Succession planning and business transition – where to start (part 2)
Mike Fronchak, CPA CMA
My first article dealt with family-related aspects of succession and business transition. Let’s explore other alternatives in this second article.
Selling to key employees
If the next generation of family is not an option for taking over your business, there are other viable options to consider. Key employees are often a workable option for business succession—but they are sometimes overlooked for various reasons. One reason is an owner’s perception that the employee would not have the financial resources to buy the business. That does not have to be a showstopper. There are numerous ways to structure a transaction over time so that cash flows from the business are a main source of financing for the business sale transaction. Staged buyouts, earn-outs, vendor take-back financing, and other methods can be employed in such cases. Having said that, if you see the words “Pay Advance” or “Employee Loan” on more than a few of the cheques you issue to the employee, you may want to consider whether he or she has the ability to run the business successfully.
Another reason business owners may decide to pass over key employees as a succession planning alternative is fear of losing them. You may think that talking about your retirement from the business will create panic among your employees and cause a mass exodus. That’s probably not the case. Your employees know you will not be around forever.
The discussion with key employees does not necessarily have to revolve around your expected exit date. It can simply be a discussion on where they see the business going in the next five to ten years, and where they see their own careers going. In fact, as a business owner, you should have an idea (through ongoing discussions) of your key employees’ career and life aspirations. Having ongoing discussions with key employees will help you determine both a potential succession plan, and a business transition plan to get you to the exit date. Like family, there will be training and development needs for key employees. Like family, they will need to “earn” that leadership role over time.
Selling to outside parties
One of the more obvious, but often most difficult alternatives for an owner’s exit from the business is an outright sale to a non-related party.

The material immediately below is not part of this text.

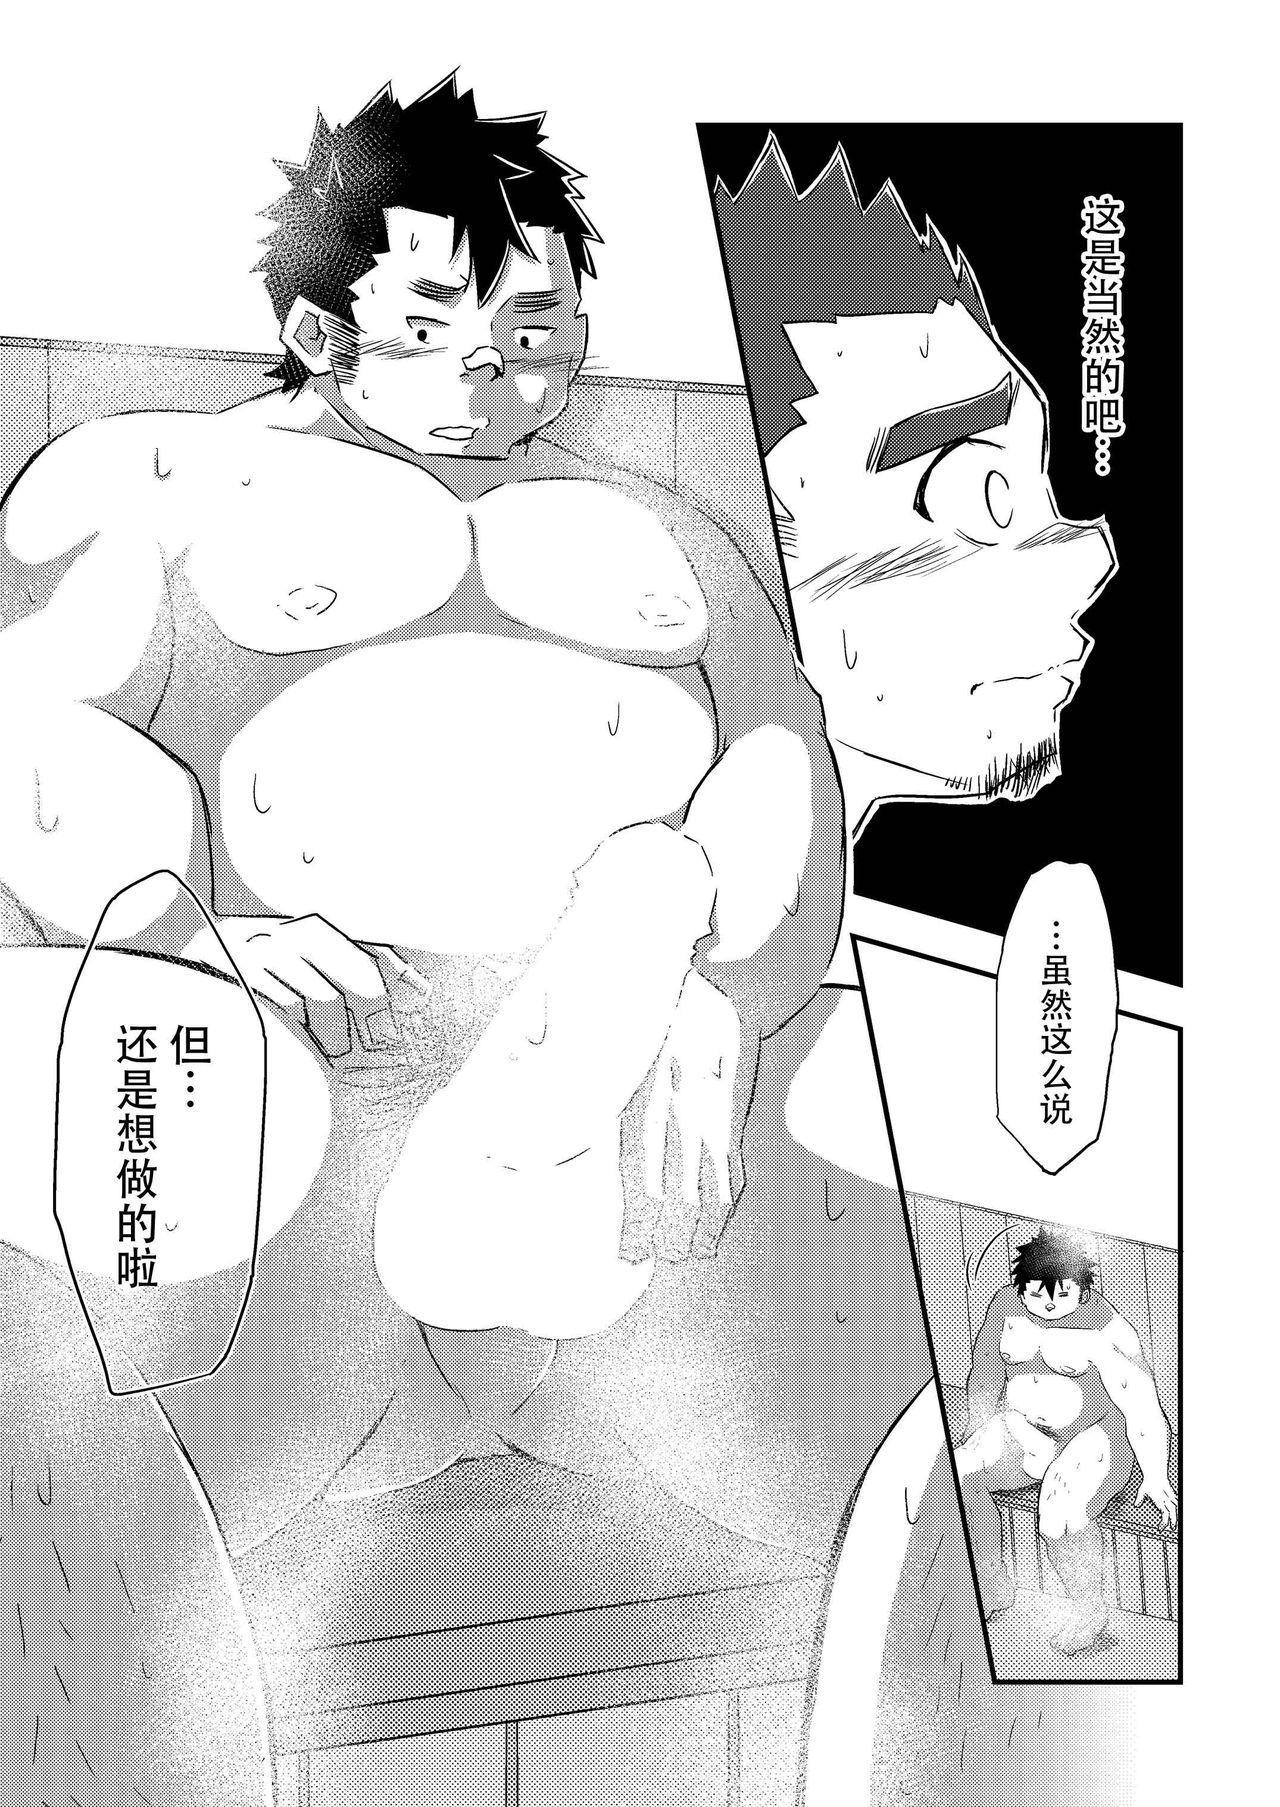 [CorkBOX (ngng)] Ise-kun wa Tamatte Iru. - Ise-kun is horny. [Chinese] {日曜日汉化} [Digital] 15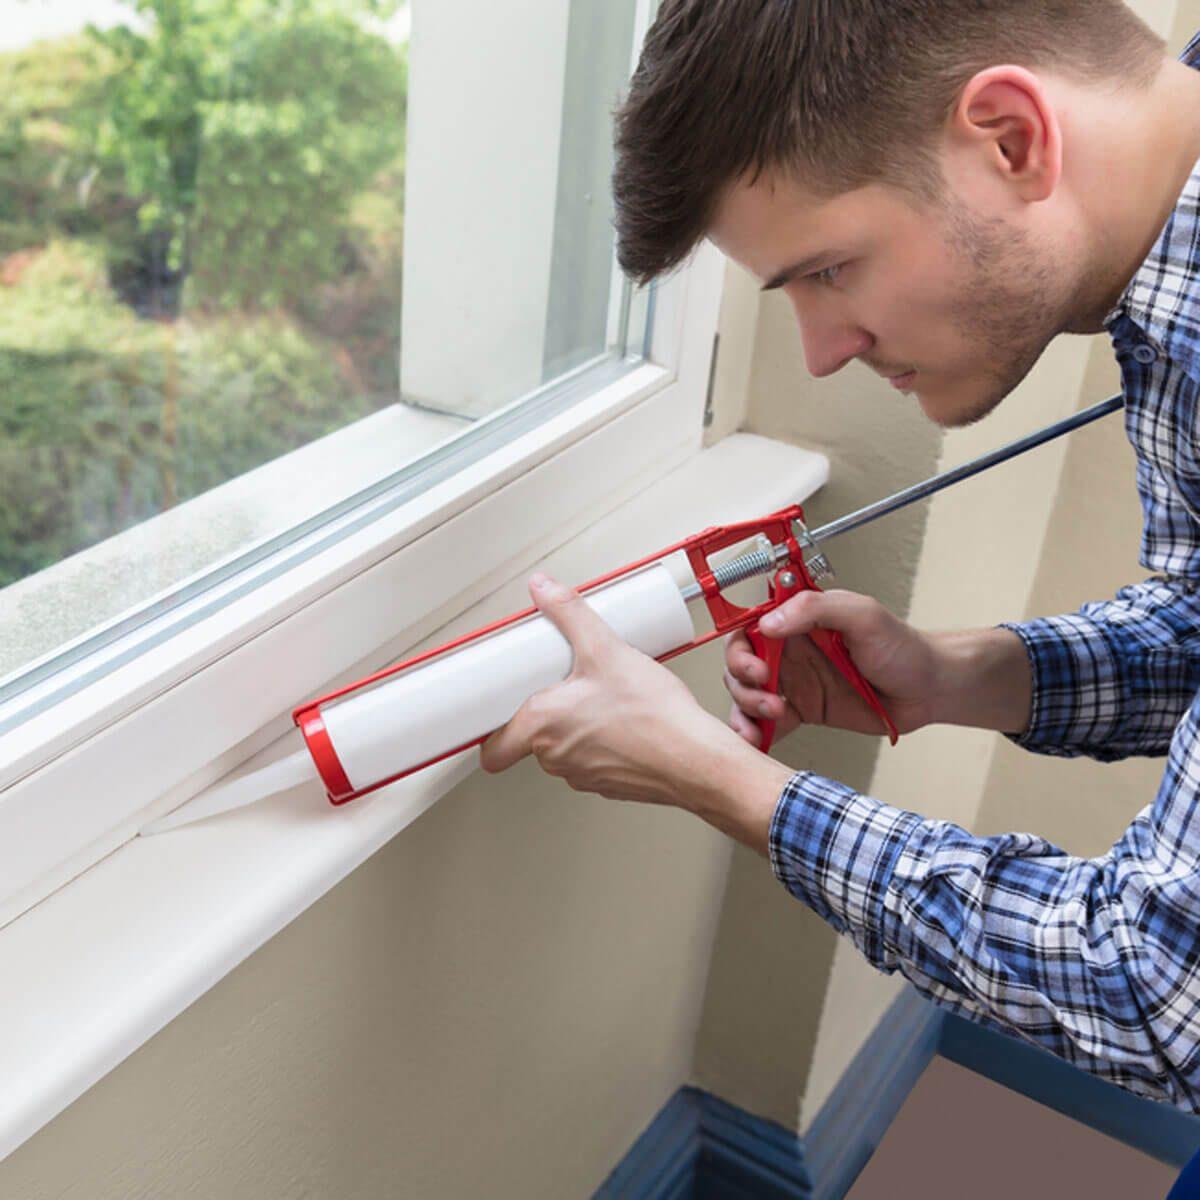 How to Keep House Warm: Caulk Windows and Doors

As an owner, you may think there are many potential buyers out there, including competitors, suppliers, key customers, investors and even individual entrepreneurs. This is true, and it may not be difficult to identify many of them. The key is to identify the right one, at the right time, with the capability and will to take over your business. It is also important to be able to communicate with these potential buyers without giving away too much competitive information or causing panic among employees or customers. Strict confidentiality is usually a key consideration when looking for an outside buyer. It is often recommended utilizing a professional when choosing this alternative for business succession. Most of my past projects as a business advisor involve sales of businesses to outside interests. Taking on this role yourself as a business owner not only detracts you from running the business successfully, but also requires a skillset that you likely do not have as a business operator. Yes, your lawyer and accountant may be able to help you with financial, valuation and legal aspects of a sale transaction. But a professional M&A advisor can help you put the whole deal together from start to finish, utilizing your team of professional advisors more effectively.
Winding down the business
One alternative for business succession that I do not spend much time on is an actual wind-down of operations, perhaps leading to an eventual liquidation of equipment or inventory. There have been countless times where I have heard of a wind-down or auction of business assets and was surprised that no one was willing or able to take on the business as a going concern. In some cases, the owner did not even consider the other alternatives. I could only imagine that the owner had such low self-esteem that he or she considered the business worthless other than the hard assets that make it up, or had such high self-esteem that they consider the business worthless without their personal involvement day to day. Yes, in some cases, a wind-down or liquidation is unavoidable. I highly recommend at least an initial consultation with a professional as a first step. You may be surprised.
Communicating and reviewing the above alternatives is just the first step in planning for the business owner’s eventual exit. However, having gone through these initial steps, you are at least out of the starting gate. It may be a long road ahead, but again, do not hesitate to involve people who have driven on that road before.